The code accompanying this post can be found here https://github.com/pyxll/pyxll-examples/blob/master/montecarlo

Why Use Monte Carlo Simulations?

Monte Carlo simulations help model the behavior of complex systems where uncertainty is a factor. Instead of relying solely on deterministic inputs, this approach incorporates randomness into the model. For instance, consider a project cost estimation: rather than specifying fixed costs, Monte Carlo simulations allow us to define a range of possible costs and compute the probability of various total costs.

  • Assess Uncertainty: Understand potential variations in project outcomes.
  • Flexible Models: Incorporate various distributions to reflect real-world scenarios, such as normal, uniform, or triangular distributions.
  • Informed Decision-Making: Aid in risk assessment and better strategic planning by quantifying the likelihood of different scenarios.

A First (Simple) Monte Carlo Simulation

PyXLL is an Excel add-in that enables you to write functions and create macros in Python, providing an interface to easily integrate Python functionality into Excel worksheets.

Before diving into the code, ensure you have PyXLL installed and running in your Excel environment. For more information or to get started, visit PyXLL’s official documentation.

If you are already familiar with PyXLL and Monte-Carlo already you may prefer to skip ahead to the next section.

We will create a simple project cost estimation model using Monte Carlo simulations. Let’s represent the cost estimates as random variables and use Python to generate outputs based on these estimates.

Our “model” will simply be the sum of the cost estimates, drawn from a normal distribution. We repeat the calculation a number of times and return the mean result.

This is a simple case where we define model in Python. For real world use-cases we would want to be able to construct more complex models using Excel, but we will come on to that later.

Step 1: Defining the Simulation Function

  1. Begin by creating a Python function that will run the simulation.
  2. Use the PyXLL “@xl_func” decorator to expose this function to Excel.

Here’s an example code snippet:

from pyxll import xl_func, xl_app
import numpy as np

@xl_func("int n, float[] means, float[] stddevs: float")
def run_simulation(n, means, stddevs):
    results = []
    for _ in range(n):
        # draw some random samples
        cost_estimates = np.random.normal(means, stddevs)

        # our "model" is just the sum of the estimates
        results.append(cost_estimates.sum())

    # return the mean of all the results
    return sum(results) / n

The function takes a number of times to run the model (n), a list of the mean for the cost estimates (means) and a list of the standard deviations of the cost estimates (stddevs).

The @xl_func decorator tells the PyXLL add-in to make this function available to us in Excel. We have given it a “signature string” to tell it the types of the arguments, and the return type. PyXLL uses this when it exposes the function to Excel, so it can be called correctly.
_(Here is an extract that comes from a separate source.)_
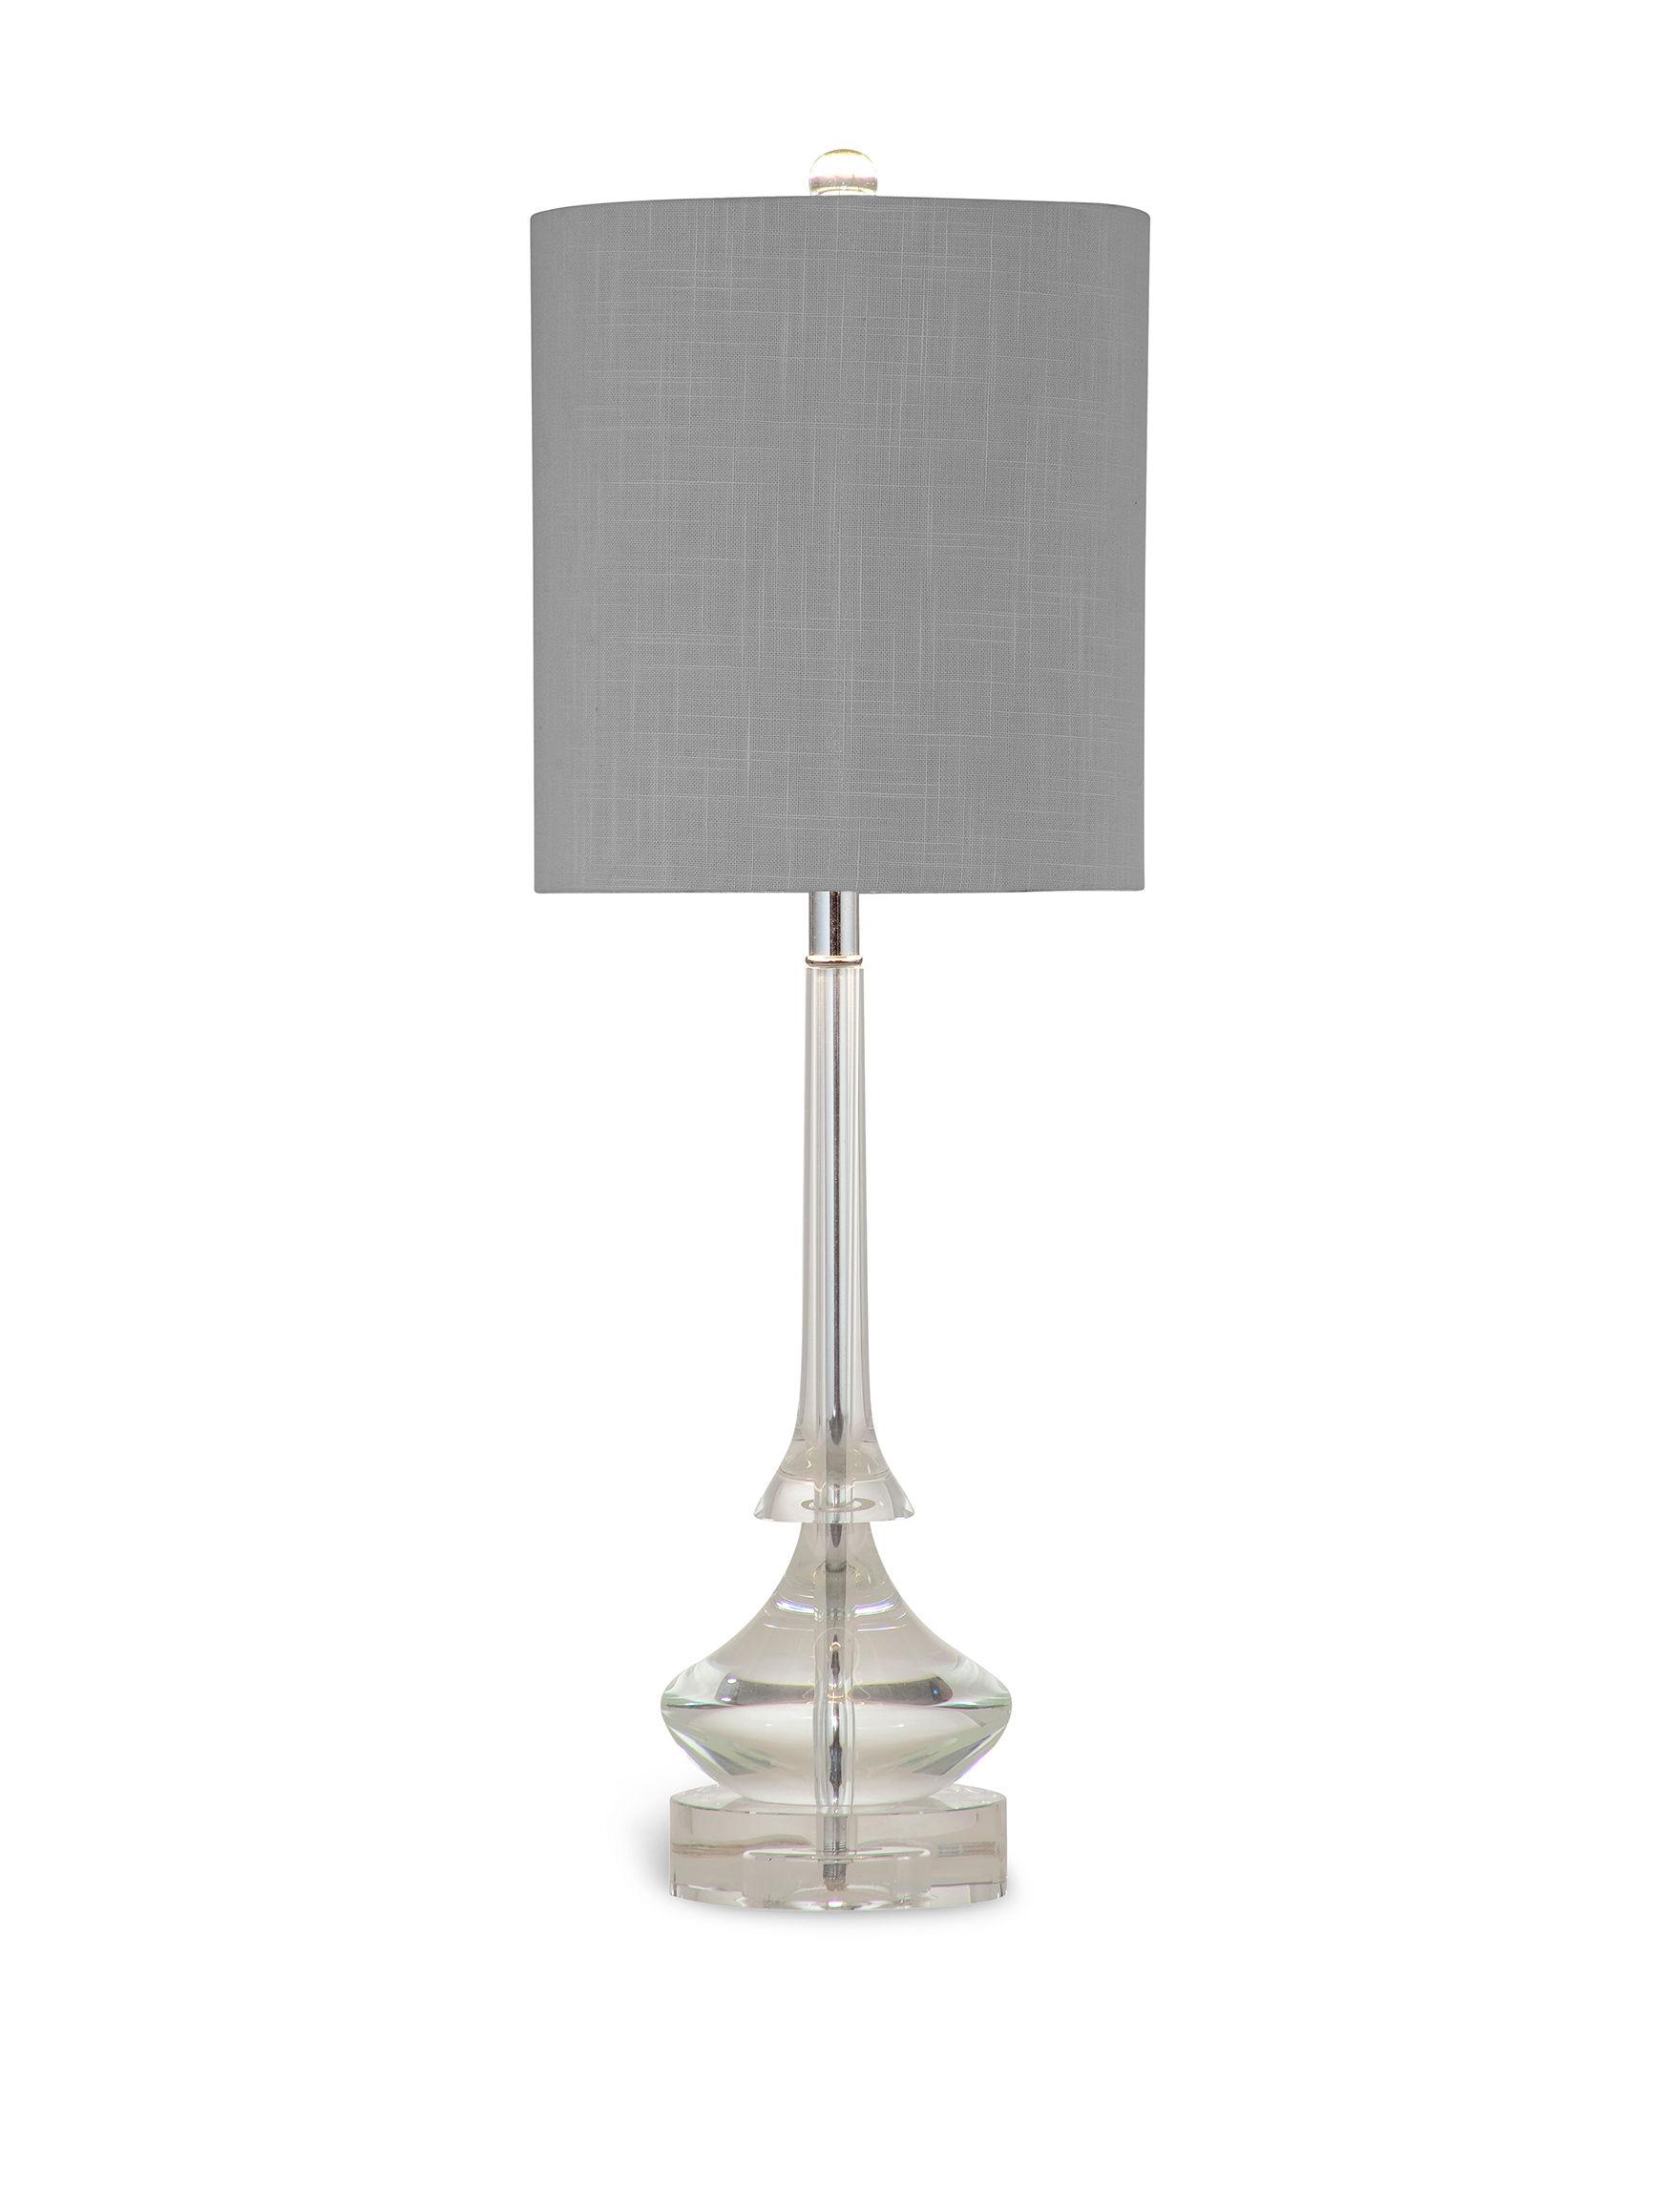 Bassett Mirror Co. Crystal Table Lamps Lighting & Lamps

Step 2: Running the simulation in Excel

To run your Python code in Excel you need to first have the PyXLL add-in installed. You can find instructions for how to do that here https://www.pyxll.com/docs/userguide/installation/index.html.

Once you have PyXLL installed and working, you just need to add your Python module to the “modules” list in the pyxll.cfg configuration file. You should also add the folder you’ve saved the module to the “pythonpath” setting in the same file, if it’s not included there already.

After doing that, start Excel (or click “Reload” in the PyXLL menu to reload the Python code) and the “run_simulation” function we wrote above is now available to be called directly from the worksheet!

Step 3: Getting the standard deviation of our result

In steps 1 and 2 we saw how we can write a Python function and call it from Excel, but currently that function only returns us the mean result. To understand how certain that result is we need to also calculate the standard deviation of the result.

Instead of returning just a number, we can return the entire list of results. But, we don’t want to see those as a massive list in Excel! We might be doing many thousands of samples and there’s no need for us to see every single one and it would take up too much space in our workbook.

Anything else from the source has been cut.